▶ [YOUR GOAL]:
Only one stretch of the listing below is wanted. Give it again exactly, from the line with "Odporový drát (konstantan)" through the line with "Eksklusif Mengapa Cristiano".

:: GIVEN RECORDS ::

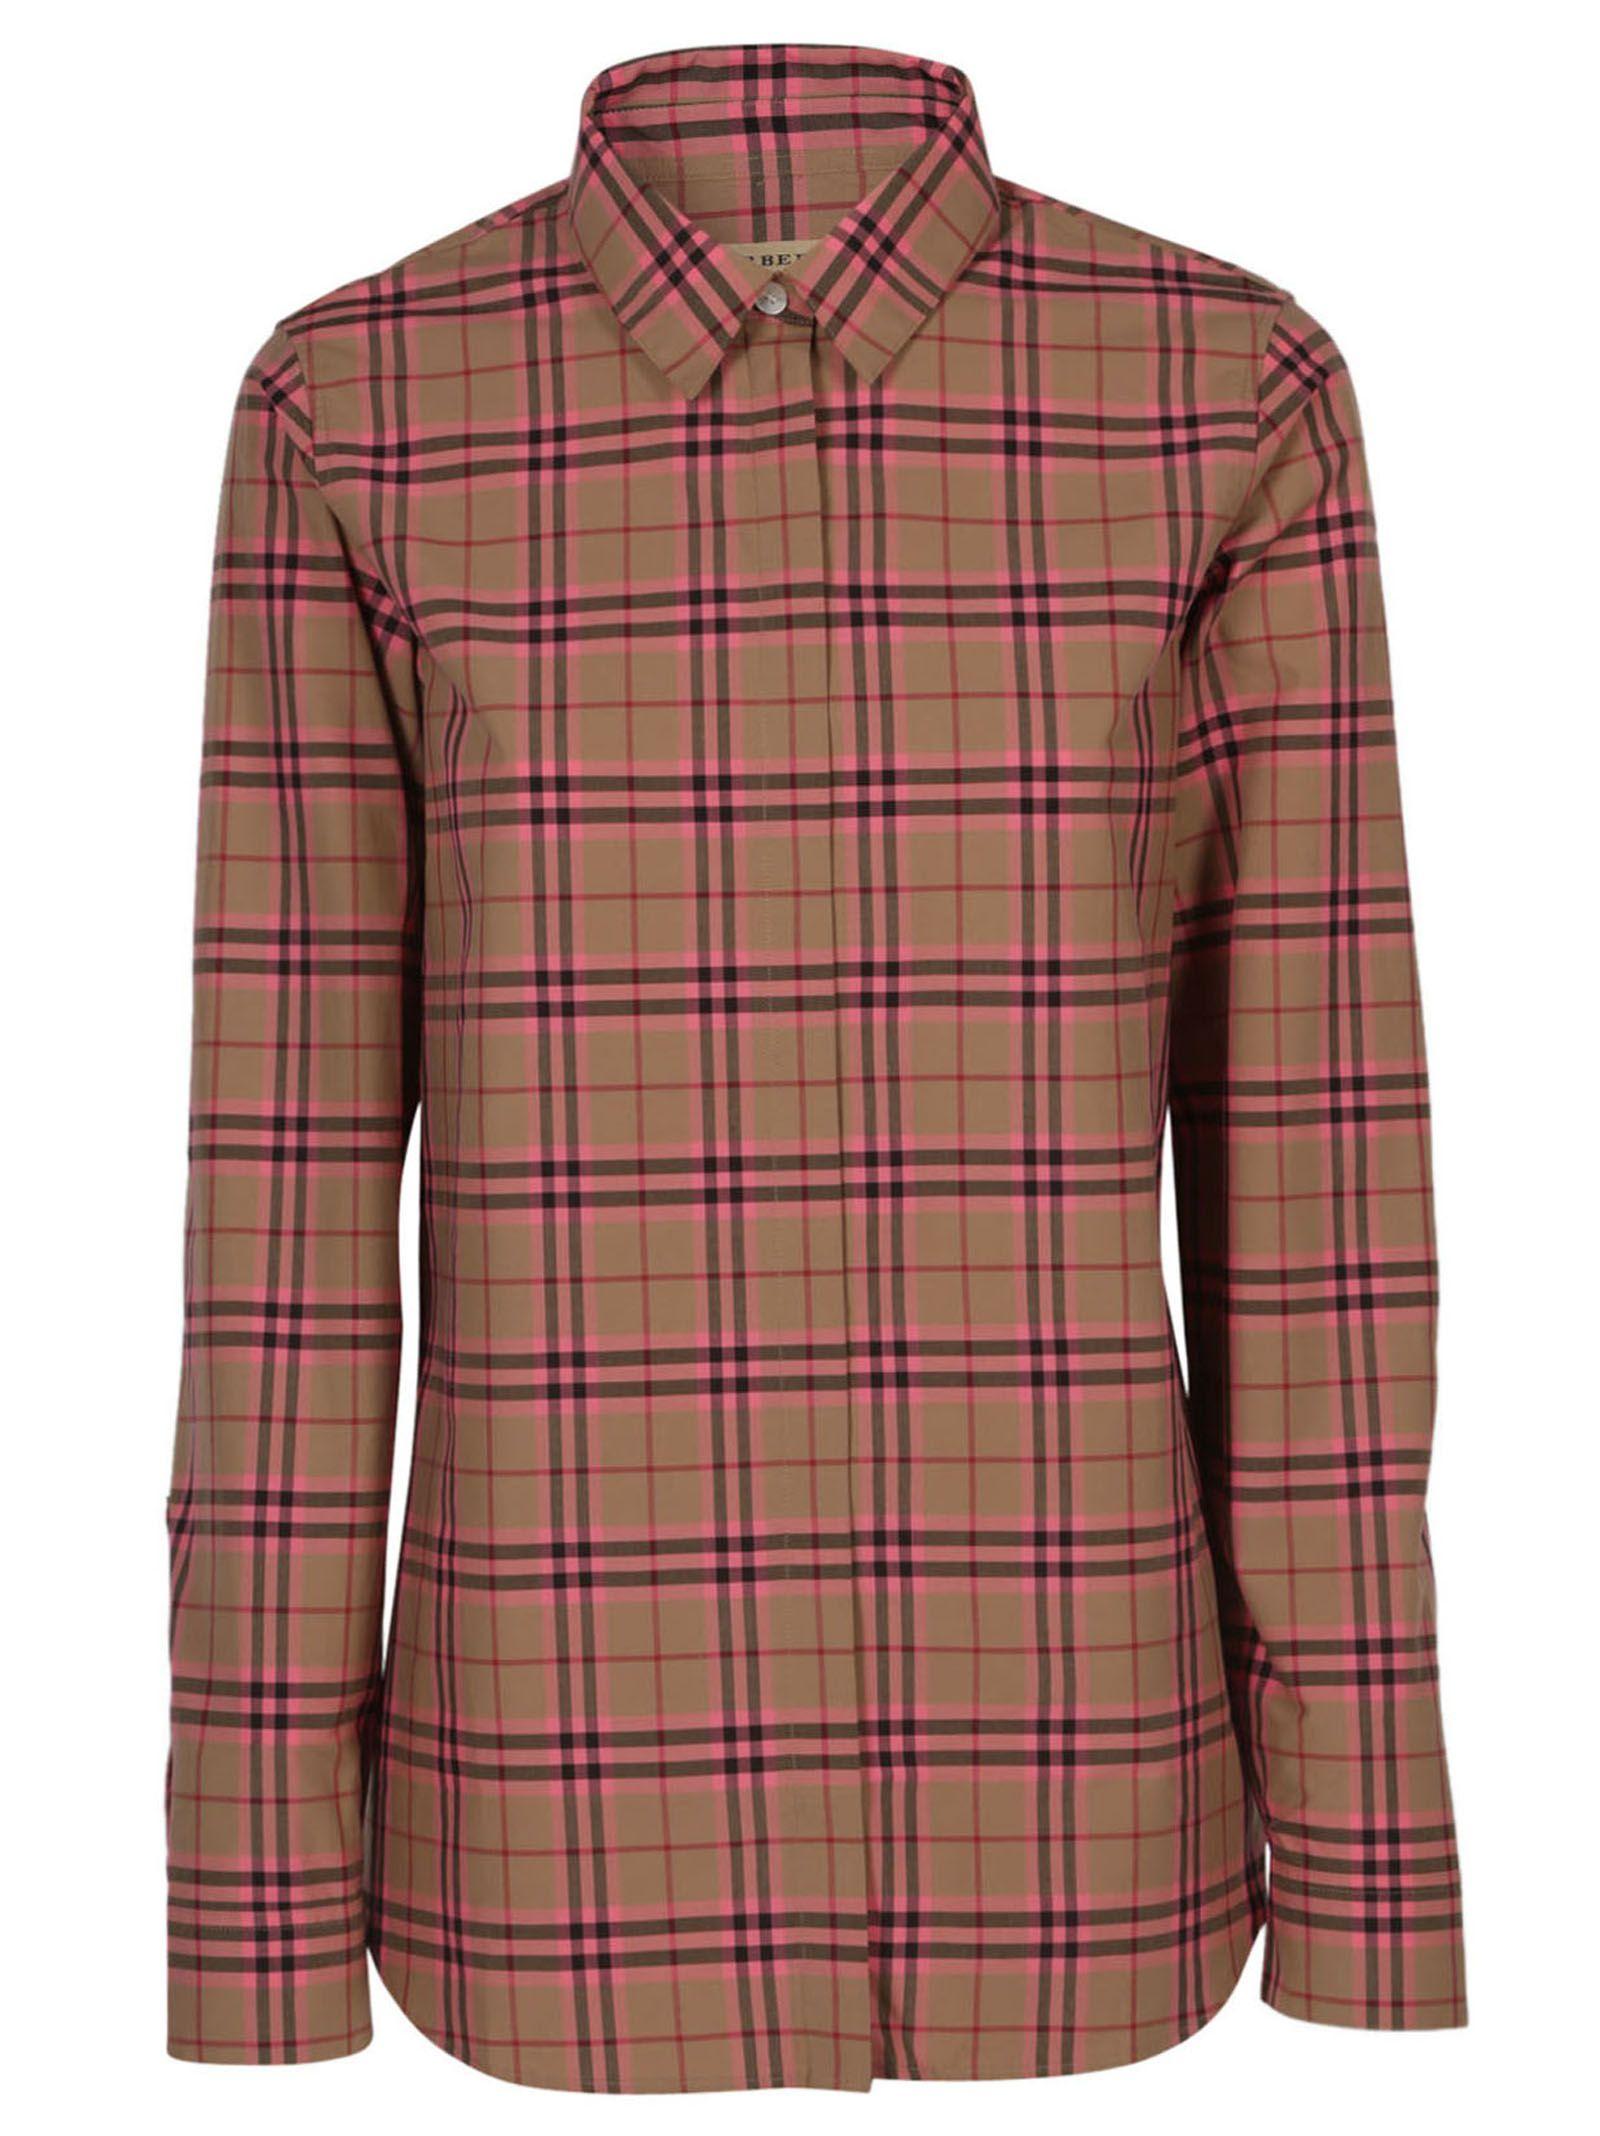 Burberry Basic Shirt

:::
:: GIVEN RECORDS ::

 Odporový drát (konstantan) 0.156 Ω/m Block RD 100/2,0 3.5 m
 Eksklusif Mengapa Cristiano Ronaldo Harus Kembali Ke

:::

▶ [TASK RESPONSE]:
 Odporový drát (konstantan) 0.156 Ω/m Block RD 100/2,0 3.5 m
 Eksklusif Mengapa Cristiano Ronaldo Harus Kembali Ke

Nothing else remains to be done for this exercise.